I was sitting, leaning forward. The doctor did spend quite a bit of time at the start tapping my spine with her hand and marking me with a marker. She wanted to find just the right spot to slide the needle to withdraw the fluid. While the needle was in I did feel quite a bit of pressure, but not pain. When all done I laid still for 20 mins and then was pretty quiet for the rest of that day and evening.
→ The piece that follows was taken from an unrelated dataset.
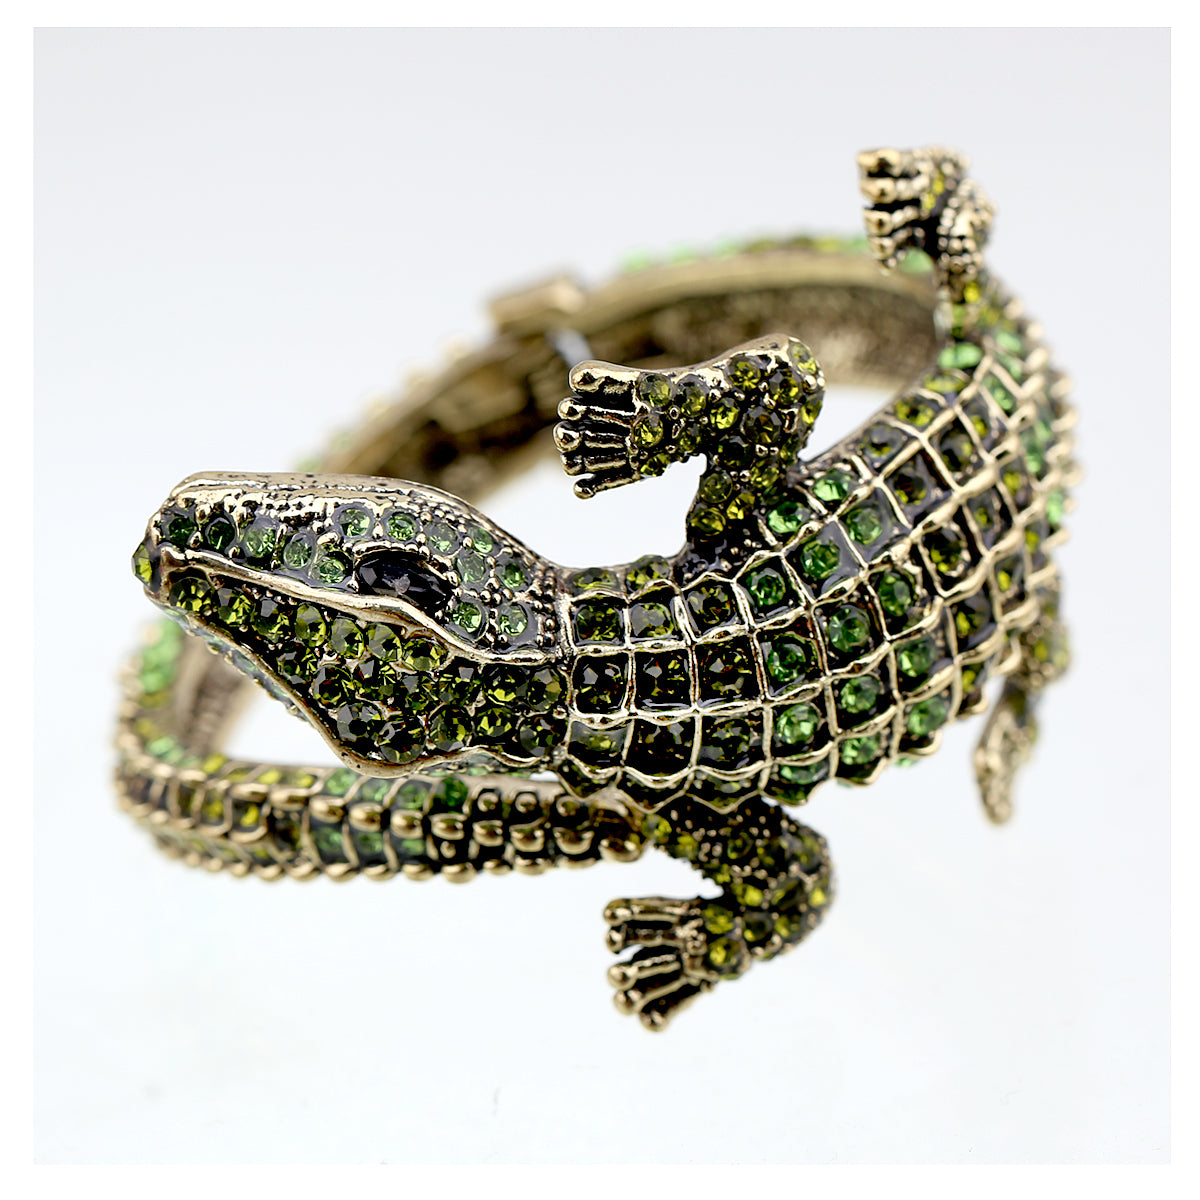 "The Green Beauty" - Realistic Crocodile cuff Bracelet - Style's Bug

I had no lingering effects from this. And, when lab results were back – no cancer cells were found in my spinal fluid. (Since then I’ve been put on the targeted therapy drug Lorlatinib and SHE has reduced the cancer in my meninges by 75%!
I know I’ve said this before, but it is true – I’m lucky. An acquired cell mutation caused my cancer to take off and spread, but it is because of this that I can take a targeted therapy drug – a pill(s) once or twice per day. The drug acts as a guided missile, attacking only those mutated cells, not all cells like chemotherapy does. So, I know that I’ve not had some of the tests, procedures, and treatments that many lung cancer patients have to endure. I hope that this field is changing so rapidly that soon we all will be able to treat lung cancer as a chronic disease, not a terminal one, until a cure is found. At just under two years since diagnosis, I’m am blessed to feel well enough to enjoy life with family and friends. Feeling joyful and filled with gratitude daily.